It is not he who reviles or strikes you who insults you, but your opinion that these things are insulting. – Epictetus
How do you respond to an insult? Are you a turn the other cheek-er? Or the Eye for an eye types?  This in my opinion has everything to do with ourselves as a person, and not any kind of moral code.  It is 100% perception of outside sources.  You choose how to perceive or hear or feel something, and you choose how to respond based on this.
Religious types would have you believe that the meek will inherit the earth, and to turn the other cheek, allow someone to hit you again, while responding with a smile on your face. This leans to the side of religion that says “vengeance is mine, sayeth the lord”.  They believe it is not in mans own hand to judge or strike back. Accept whatever it takes, and give back only what you feel is right.  This may be tested as a moral code, or by some seen as simple cowardice, others as strength and restraint and wisdom.  Simply put, it is an invented perception and a choice not to respond or to respond with only kindness, believing that showing kindness will bring kindness back.  Sadly, this rarely works, as the striker will see you often as an easy mark and be willing to strike again.

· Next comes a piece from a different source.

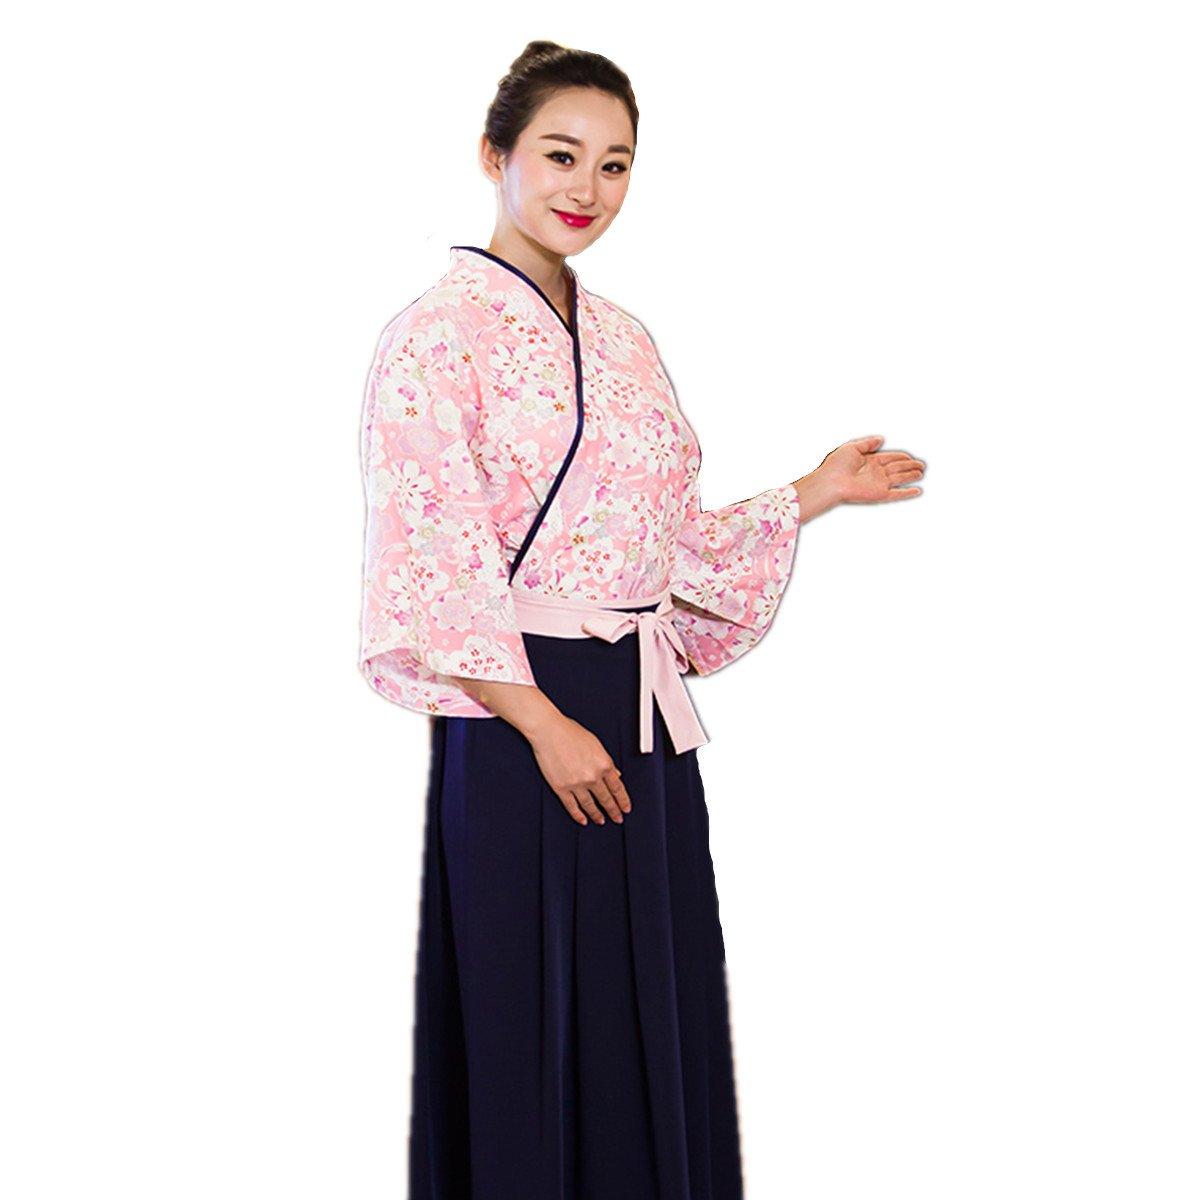 XINFU Sushi Waitress Uniform Pink Sakura 3/4 Long Sleeve Restaurant Japanese Kimono Kitchen Work Coat

The eye for an eye crowds.. these are the ones who start wars. You hurt me, I hurt you, you hurt me back, I hurt you and more, you hurt me back more, and escalate to start a war. Forget kindness, you believe that force is needed to make things right, take your revenge and set things right. This is the action taker, the leader, the only one who can make the world seem right and Just.  It could be revenge or it could be justice, all depends on your local laws and your personal moral code in how you decide to exact your justice.
But maybe..  just maybe.. they are both wrong?  Think about it this way..  both scenarios above start with someone making a move to hurt, and someone getting hurt.  It doesn’t matter if it is a physical hurt, or an emotional one, or even a perceived hurt from an otherwise innocent action, these are all responded to in the same way by the different types.  The thing is..  who says you got hurt and have the RIGHT to respond in any way?   Getting hurt, or insulted, or otherwise grieved against, is merely in your perception.  If you FELT hurt, then you get hurt.  You are giving the power and the value to whatever action you perceive as hurting. You takeaway your own power and give in to the external forces.  You make yourself hurt because you believe you have the right to hurt, and you believe that you can impose your will upon others not to be able or allowed to hurt you.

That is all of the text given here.